The differential effects of ExoU on mitochondrial oxidative stress suggest ExoU might target or associate with mitochondria. To test whether ExoU associates with mitochondria, we first adapted a protocol to enrich mitochondria and mitochondria-associated membrane (Mito-MAM) fractions from control and infected PMVECs. To confirm Mito-MAM enrichment in our model, we verified that extracts contained Prohibitin [56,57] and VDAC-1 [58], two known mitochondria-associated control proteins (Figure 3C). Based on densitometry analyses, the levels of these proteins remained relatively unchanged under control and infection conditions (data not shown). We then assayed for the presence of ExoU in these enriched Mito-MAM fractions using a highly sensitive PLA2 enzyme activity assay. It is important to note that this assay is able to distinguish ExoU PLA2 activity from host PLA2 activity because ExoU is stimulated by its eukaryotic co-factor, poly-ubiquitin (pUb) [14,59]. For these assays, enriched Mito-MAM fractions from control or infected PMVECs were suspended directly into a buffered solution containing a fluorogenic phospholipid substrate (PED6). Each sample was split into two equal reactions (one with and one without added recombinant pUb) and fluorescence measured over a time course. The PED6 hydrolysis rate was determined as background-corrected relative fluorescent units (RFU) normalized to time and to total mitochondrial protein added to each reaction. Intriguingly, pUb-stimulated PLA2 activity was only observed in enriched Mito-MAM fractions from PMVECs infected with wild type PA103 expressing ExoU (Figure 3D). The potential localization of ExoU to the mitochondria during infection prompted us to question whether mitochondria were being subjected to damage. To this end, we assayed Mito-MAM fractions for the presence of microtubule-associated protein light chain 3B (LC3) forms LC3-I and LC3-II as canonical markers of autophagy activation [60]. Compared to uninfected controls, there were slightly lower levels of LC3-I and LC3-II in Mito-MAM fractions isolated from infected cells, but overall there was no clear indication that ExoU preferentially triggered autophagy activation at the mitochondria under the conditions tested (Figure 3C). Thus, the detection of ExoU PLA2 activity in Mito-MAM fractions implicates an interaction between ExoU and mitochondria during P. aeruginosa infection of PMVECs.
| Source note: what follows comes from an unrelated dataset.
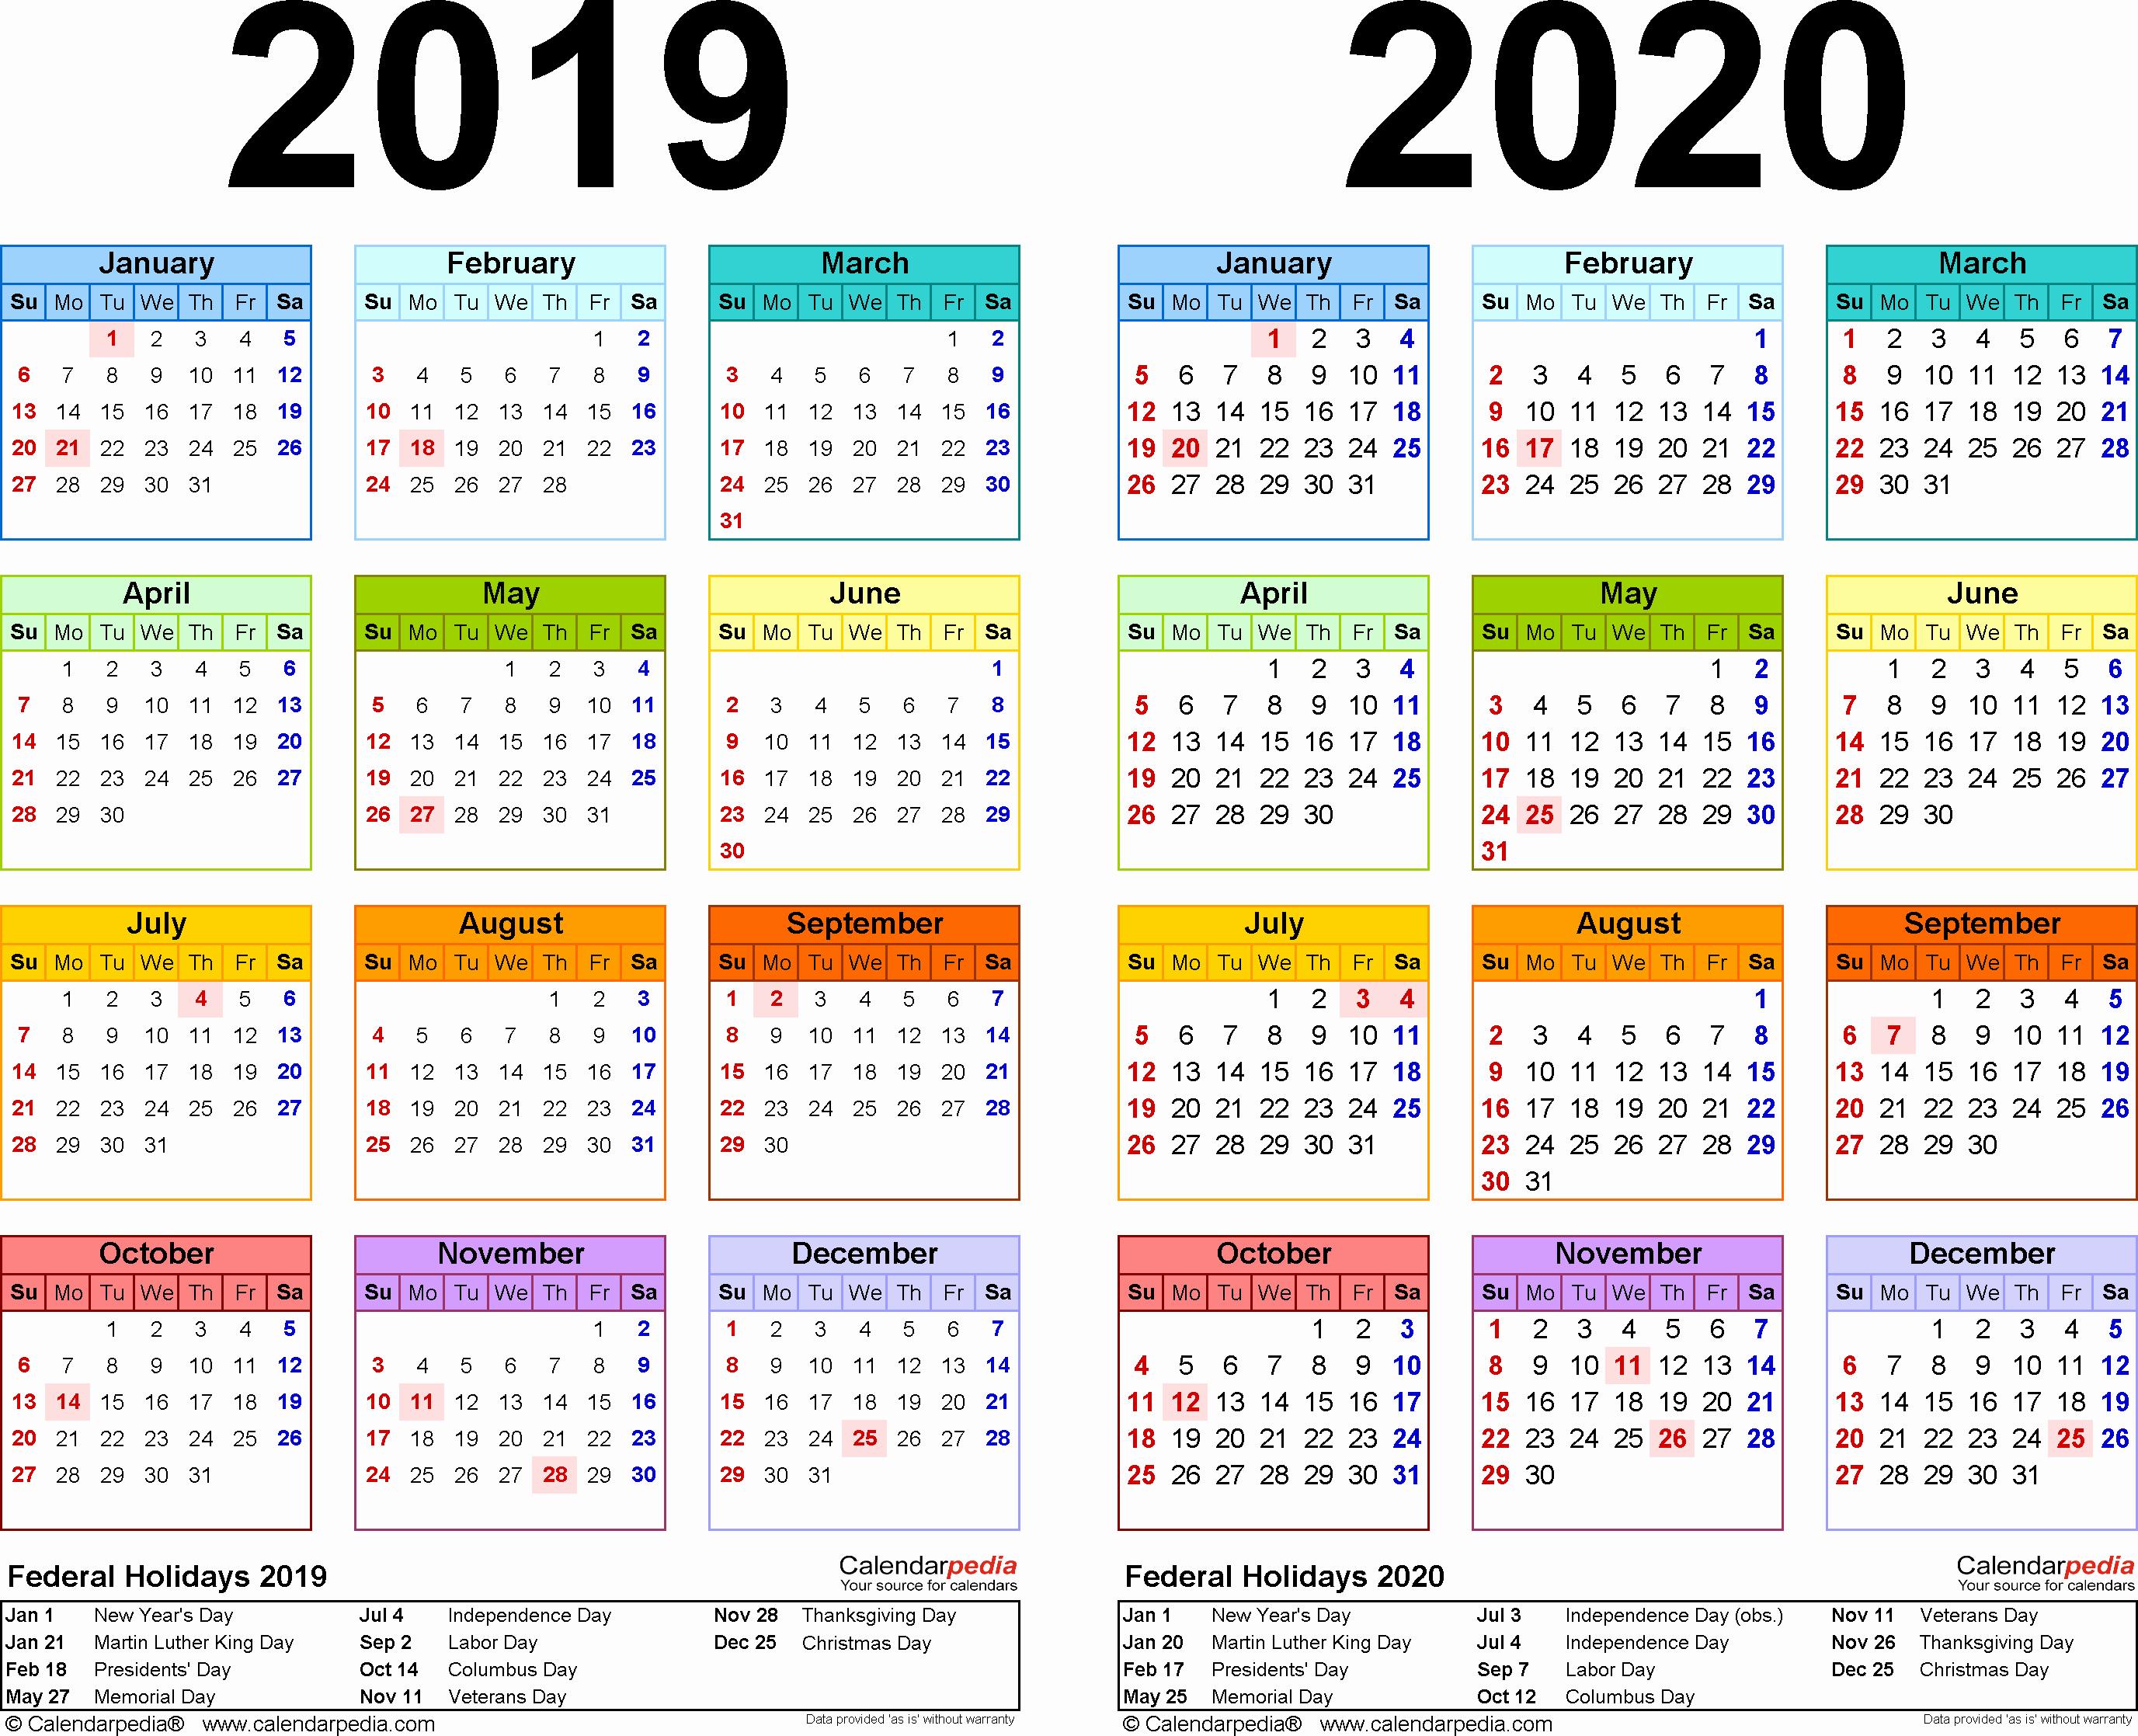 2019 and 2020 Calendar Printable Fresh 2019 2020 Calendar Free Printable Two Year Word Calendars

Reactive oxygen species are a known danger signal for caspase-1 activation [54,61,62]. Considering that only P. aeruginosa strains expressing ExoU trigger caspase-1 activation and reactive oxygen species (ROS) in infected PMVECs, we next tested the effects of various reactive species scavengers on caspase-1 activation. For these experiments, we used N-acetylcysteine (NAC) as a general scavenger of reactive species and Ebselen to scavenge NADPH oxidase-derived species. Each scavenger was first tested at two doses in PA103-infected PMVECs, and then caspase-1 activation was determined using the FLICA assay. Both NAC and Ebselen significantly decreased the levels of caspase-1 activation during PA103 infection (Figure 4A). We also tested the reactive oxygen species scavengers during infection of PMVECs with a primary clinical isolate expressing ExoU (JA817). Similar to the isogenic PA103 strains, the addition of NAC or Ebselen significantly decreased caspase-1 activation levels during JA817 infection (Figure 4A). To verify that the effects of NAC or Ebselen were not trivially due to killing of PA103, we performed plate count assays (Figure 4B). Together, these data suggest that ExoU-induced caspase-1 activation in PMVECs is regulated by the production of reactive oxygen species.

Figure 4

Reactive species scavengers alter ExoU-mediated intracellular caspase-1 activation in P. aeruginosa-infected PMVECs. (A) Effects of the reactive species scavengers NAC and Ebselen (and their vehicle control) on caspase-1 activation in PMVECs using the FLICA flow cytometry assay. Wild type PA103 (MOI = 40:1) was compared to a clinical isolate expressing UTY (JA817, MOI = 40:1). FLICA signal was analyzed at 180 min post-inoculation. (B) A comparison of the effects of NAC and Ebselen on PA103 viability by plate counts for colony forming units (CFU)/mL (n = 3 biological replicates). Data analyzed by one-way ANOVA with Tukey’s post-hoc (* p < 0.0001, ** p = 0.0003, *** p = 0.0019, **** p = 0.0040, ***** p = 0.0115). Data represent n = 3–5 biological replicates.

3. Discussion

Herein, we present our studies on the role of the P. aeruginosa T3SS effector, ExoU, in driving PMVEC barrier disruption and the activation of caspase-1-driven inflammation. Using the P. aeruginosa laboratory strain, PA103, PA103 isogenic mutants, and primary clinical isolates from critically ill patients, we showed strains expressing ExoU induce PMVEC barrier disruption and lysis within 3 h post-inoculation. In addition, using a single cell fluorescence-flow cytometry assay, we demonstrated that strains expressing ExoU induce intracellular caspase-1 activation. Importantly, using a combination of genetic and pharmacological approaches, we demonstrated that barrier disruption and caspase-1 activation are dependent on ExoU PLA2 enzyme activity. We also showed that infection of PMVECs with ExoU-expressing strains elicited ROS and that ExoU co-associated with mitochondria. Intriguingly, the scavengers NAC and Ebselen ameliorated, in part, ExoU-dependent activation of caspase-1. Together, these data suggest a complex interaction between P. aeruginosa and lung endothelial cells that is dependent on ExoU.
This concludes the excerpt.